Relationship to Parent Topic and Other Subtopics

The Embedded yyjson Integration is the foundational C library integration upon which the Rust core JSON parsing and writing logic builds. It provides the low-level parsing engine that the Rust deserialization backend and serialization modules wrap and extend.
It complements the Rust Deserialization Backend by providing the ultra-fast, memory-safe parser implementation that the Rust code calls via FFI.
The subtopic introduces advanced memory allocator strategies (pool and dynamic allocators) that are not directly covered in the parent overview.
It adds nuanced handling of recursion limits, UTF-8 validation, and floating-point rounding correctness, extending beyond what the parent topic broadly describes.
The integration ensures that parsing performance and correctness are maximized, enabling the higher-level Python integration and benchmarking modules to rely on a robust and efficient core.
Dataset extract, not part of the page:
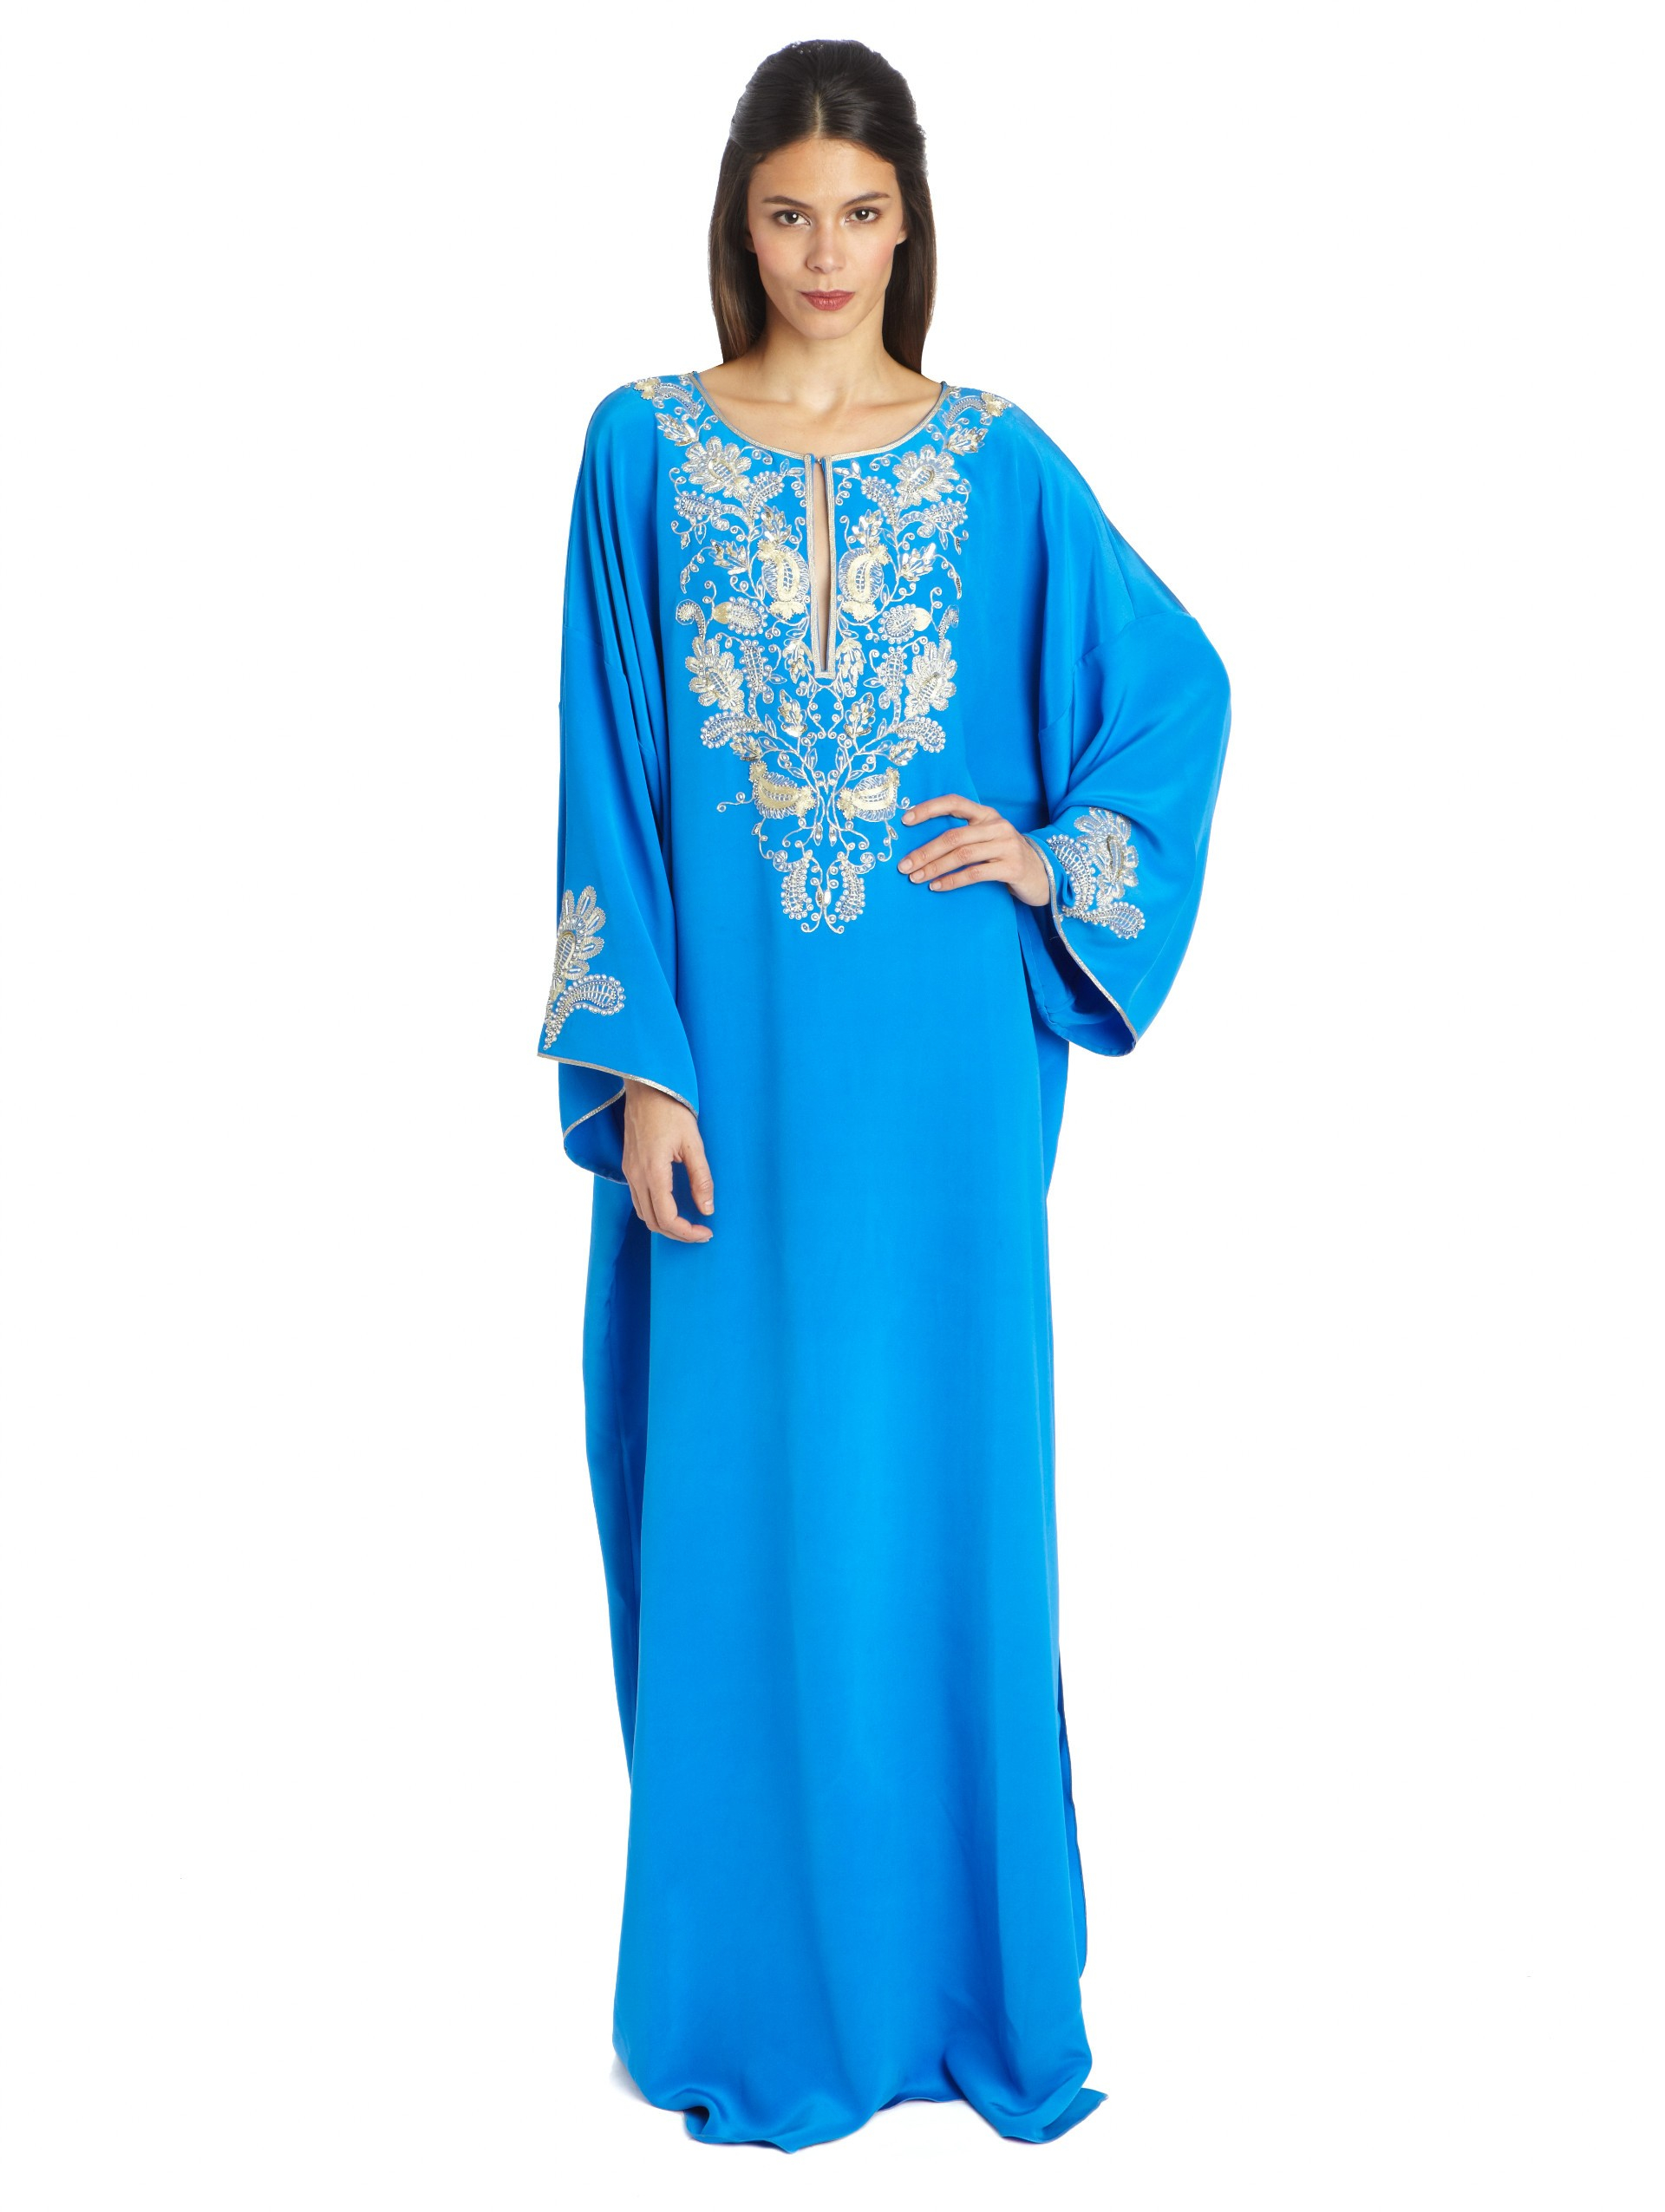 5bf0faac6a Lyst - Oscar de la Renta Long-Sleeve Embroidered Caftan in Blue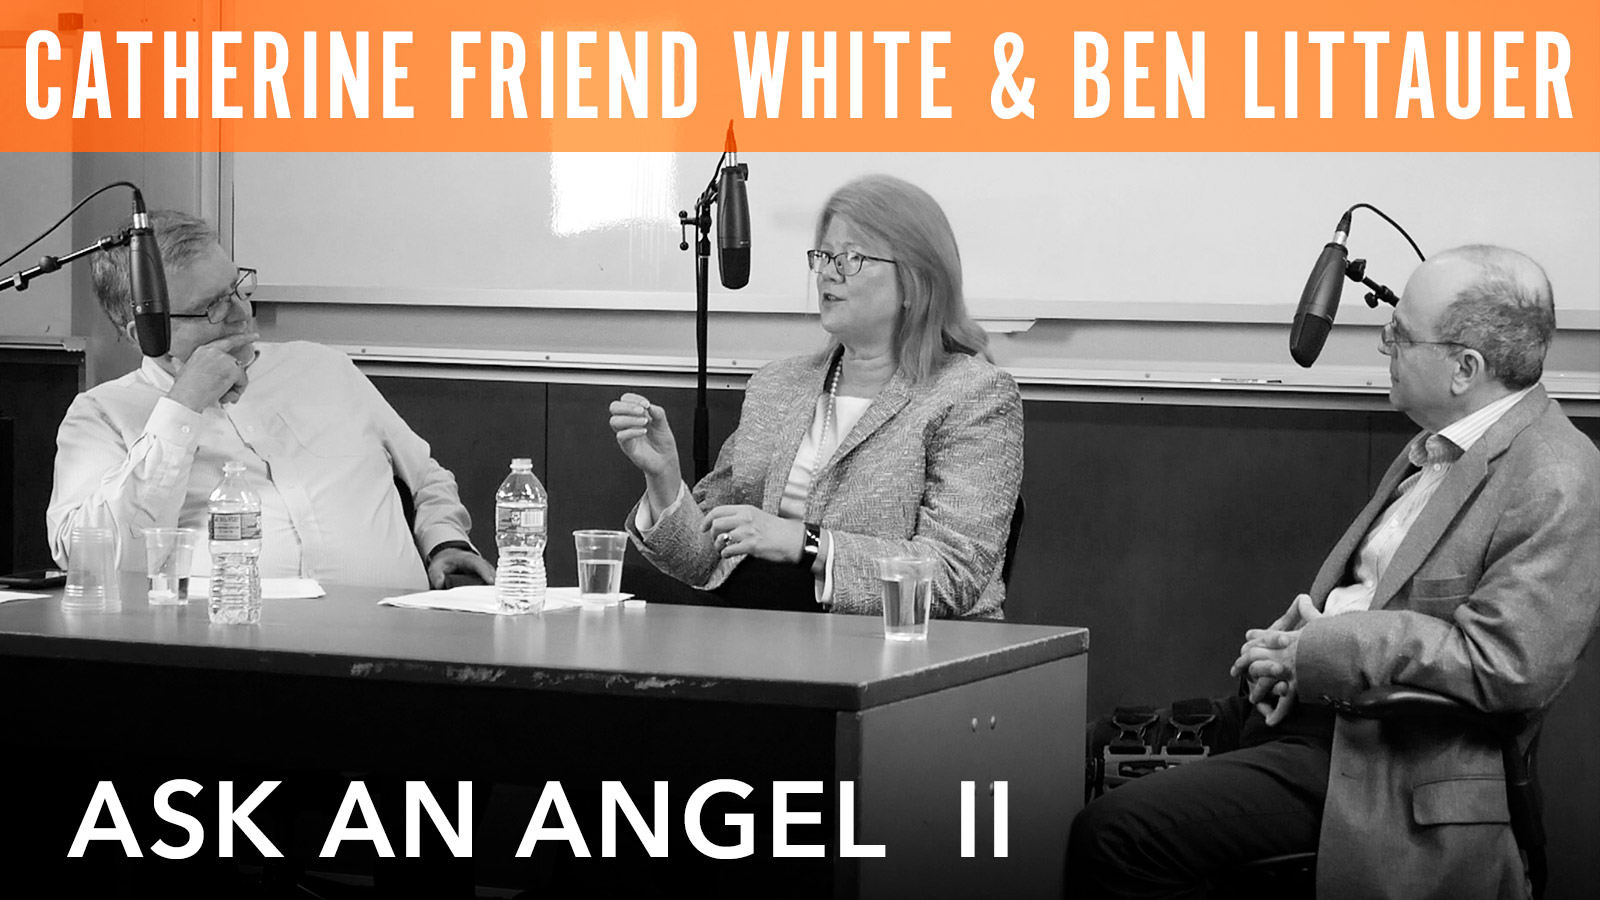 Catherine Friend White & Ben Littauer  Ask an Angel II

Mermaid Diagram: Core Parsing Flow in Embedded yyjson

flowchart TD
    Start[Start Parsing] --> Allocator[Setup Allocator]
    Allocator --> CopyInput[Copy & Pad Input Buffer]
    CopyInput --> SkipSpace[Skip Spaces & Comments (if allowed)]
    SkipSpace --> TokenParse{Next Token}
    TokenParse -->|Object Start '{'| ObjBegin[Begin Object]
    TokenParse -->|Array Start '['| ArrBegin[Begin Array]
    TokenParse -->|String '"'| ReadString[Read String (UTF-8 & Escapes)]
    TokenParse -->|Number| ReadNumber[Read Number (Fast/Bigint)]
    TokenParse -->|Literal| ReadLiteral[Read true/false/null/NaN/Inf]
    TokenParse -->|End Document| End[Parsing Complete]
    ObjBegin --> ObjKey[Parse Object Key]
    ObjKey --> ObjVal[Parse Object Value]
    ObjVal --> TokenParse
    ArrBegin --> ArrVal[Parse Array Value]
    ArrVal --> TokenParse
    ReadString --> TokenParse
    ReadNumber --> TokenParse
    ReadLiteral --> TokenParse
    TokenParse -->|Error| Error[Error Handling & Cleanup]
    Error --> End

This diagram highlights the core FSM-driven process of JSON parsing within the embedded **yyjson** integration, showing allocator setup, input preparation, token parsing, recursive container handling, and error management.

The **Embedded yyjson Integration** serves as the high-performance, low-level JSON engine enabling the broader project to achieve its goals of speed, correctness, and robustness. Its careful memory management and parsing optimizations are central to the overall system's efficiency and reliability.